** What you are asked to do **
Examine the records and identify each line that includes the string "early". Copy those lines.

** Study material **

• • • • • • •

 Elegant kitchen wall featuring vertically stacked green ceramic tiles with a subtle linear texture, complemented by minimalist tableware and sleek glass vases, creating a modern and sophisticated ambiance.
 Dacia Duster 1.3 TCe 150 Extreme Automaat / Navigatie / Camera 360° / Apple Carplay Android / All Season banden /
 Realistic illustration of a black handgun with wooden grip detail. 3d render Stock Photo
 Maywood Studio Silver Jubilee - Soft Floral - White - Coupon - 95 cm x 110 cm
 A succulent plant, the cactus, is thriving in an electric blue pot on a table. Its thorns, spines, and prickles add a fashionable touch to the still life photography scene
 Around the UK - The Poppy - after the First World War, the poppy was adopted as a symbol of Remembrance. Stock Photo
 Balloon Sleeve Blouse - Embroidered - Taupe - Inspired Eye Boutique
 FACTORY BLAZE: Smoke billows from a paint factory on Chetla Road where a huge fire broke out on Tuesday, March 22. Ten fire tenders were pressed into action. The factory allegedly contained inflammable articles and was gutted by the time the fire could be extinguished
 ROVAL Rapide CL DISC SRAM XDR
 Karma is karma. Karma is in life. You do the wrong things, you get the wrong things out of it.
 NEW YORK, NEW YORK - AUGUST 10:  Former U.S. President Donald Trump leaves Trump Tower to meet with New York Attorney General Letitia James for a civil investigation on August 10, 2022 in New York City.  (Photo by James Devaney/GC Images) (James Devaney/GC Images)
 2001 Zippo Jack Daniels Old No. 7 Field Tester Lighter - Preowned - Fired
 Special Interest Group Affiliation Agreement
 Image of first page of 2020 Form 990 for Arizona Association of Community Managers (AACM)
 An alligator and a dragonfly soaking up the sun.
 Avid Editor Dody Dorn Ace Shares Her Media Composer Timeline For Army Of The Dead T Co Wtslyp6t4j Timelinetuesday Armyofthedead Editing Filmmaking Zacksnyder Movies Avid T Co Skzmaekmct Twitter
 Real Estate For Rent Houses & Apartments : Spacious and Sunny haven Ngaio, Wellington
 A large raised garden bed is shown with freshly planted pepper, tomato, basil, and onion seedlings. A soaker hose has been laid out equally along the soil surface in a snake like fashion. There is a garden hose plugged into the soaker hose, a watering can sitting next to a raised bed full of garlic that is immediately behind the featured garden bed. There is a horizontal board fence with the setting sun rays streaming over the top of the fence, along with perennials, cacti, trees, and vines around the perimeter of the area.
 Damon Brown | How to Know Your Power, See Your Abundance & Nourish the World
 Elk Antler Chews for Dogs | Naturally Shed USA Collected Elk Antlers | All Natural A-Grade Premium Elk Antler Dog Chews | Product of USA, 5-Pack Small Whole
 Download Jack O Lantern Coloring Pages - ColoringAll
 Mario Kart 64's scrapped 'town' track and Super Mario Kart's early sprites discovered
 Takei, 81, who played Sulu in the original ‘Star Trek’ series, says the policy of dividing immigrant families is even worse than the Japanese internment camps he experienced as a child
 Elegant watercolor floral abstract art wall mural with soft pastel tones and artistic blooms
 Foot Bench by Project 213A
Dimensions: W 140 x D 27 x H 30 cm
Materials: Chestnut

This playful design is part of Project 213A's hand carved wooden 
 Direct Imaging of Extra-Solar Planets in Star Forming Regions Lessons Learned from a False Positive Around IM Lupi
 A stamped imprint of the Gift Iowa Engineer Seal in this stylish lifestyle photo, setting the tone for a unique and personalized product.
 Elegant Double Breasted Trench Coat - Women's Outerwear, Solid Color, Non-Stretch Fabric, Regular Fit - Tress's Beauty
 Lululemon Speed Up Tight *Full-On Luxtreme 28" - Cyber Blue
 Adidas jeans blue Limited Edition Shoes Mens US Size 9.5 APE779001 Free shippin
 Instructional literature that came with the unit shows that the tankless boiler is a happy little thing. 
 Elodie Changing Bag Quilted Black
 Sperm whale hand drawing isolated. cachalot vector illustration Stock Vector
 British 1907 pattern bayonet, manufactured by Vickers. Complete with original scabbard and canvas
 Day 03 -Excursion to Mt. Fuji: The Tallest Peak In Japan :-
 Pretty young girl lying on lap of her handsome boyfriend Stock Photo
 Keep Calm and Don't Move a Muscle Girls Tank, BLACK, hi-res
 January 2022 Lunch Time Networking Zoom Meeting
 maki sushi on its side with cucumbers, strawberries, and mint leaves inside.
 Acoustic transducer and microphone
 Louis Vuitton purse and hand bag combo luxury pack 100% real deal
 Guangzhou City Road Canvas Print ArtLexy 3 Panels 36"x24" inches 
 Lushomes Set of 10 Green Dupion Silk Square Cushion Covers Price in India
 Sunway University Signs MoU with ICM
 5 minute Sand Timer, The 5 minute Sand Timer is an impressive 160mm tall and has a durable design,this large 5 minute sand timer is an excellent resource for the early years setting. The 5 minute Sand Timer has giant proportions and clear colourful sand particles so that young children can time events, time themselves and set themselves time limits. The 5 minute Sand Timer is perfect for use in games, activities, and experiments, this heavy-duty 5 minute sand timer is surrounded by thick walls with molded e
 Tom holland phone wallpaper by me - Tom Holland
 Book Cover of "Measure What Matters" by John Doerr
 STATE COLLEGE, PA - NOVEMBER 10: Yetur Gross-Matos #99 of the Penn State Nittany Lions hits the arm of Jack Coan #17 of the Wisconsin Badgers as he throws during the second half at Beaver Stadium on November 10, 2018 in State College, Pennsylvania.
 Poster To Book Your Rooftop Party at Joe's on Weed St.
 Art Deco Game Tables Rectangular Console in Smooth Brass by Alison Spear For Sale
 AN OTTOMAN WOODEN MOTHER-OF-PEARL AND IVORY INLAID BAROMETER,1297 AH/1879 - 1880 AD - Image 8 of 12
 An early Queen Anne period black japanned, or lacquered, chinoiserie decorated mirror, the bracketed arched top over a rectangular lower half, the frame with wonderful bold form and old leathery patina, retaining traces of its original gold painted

• • • • • • •

** Solution for this exercise **
 Mario Kart 64's scrapped 'town' track and Super Mario Kart's early sprites discovered
 5 minute Sand Timer, The 5 minute Sand Timer is an impressive 160mm tall and has a durable design,this large 5 minute sand timer is an excellent resource for the early years setting. The 5 minute Sand Timer has giant proportions and clear colourful sand particles so that young children can time events, time themselves and set themselves time limits. The 5 minute Sand Timer is perfect for use in games, activities, and experiments, this heavy-duty 5 minute sand timer is surrounded by thick walls with molded e
 An early Queen Anne period black japanned, or lacquered, chinoiserie decorated mirror, the bracketed arched top over a rectangular lower half, the frame with wonderful bold form and old leathery patina, retaining traces of its original gold painted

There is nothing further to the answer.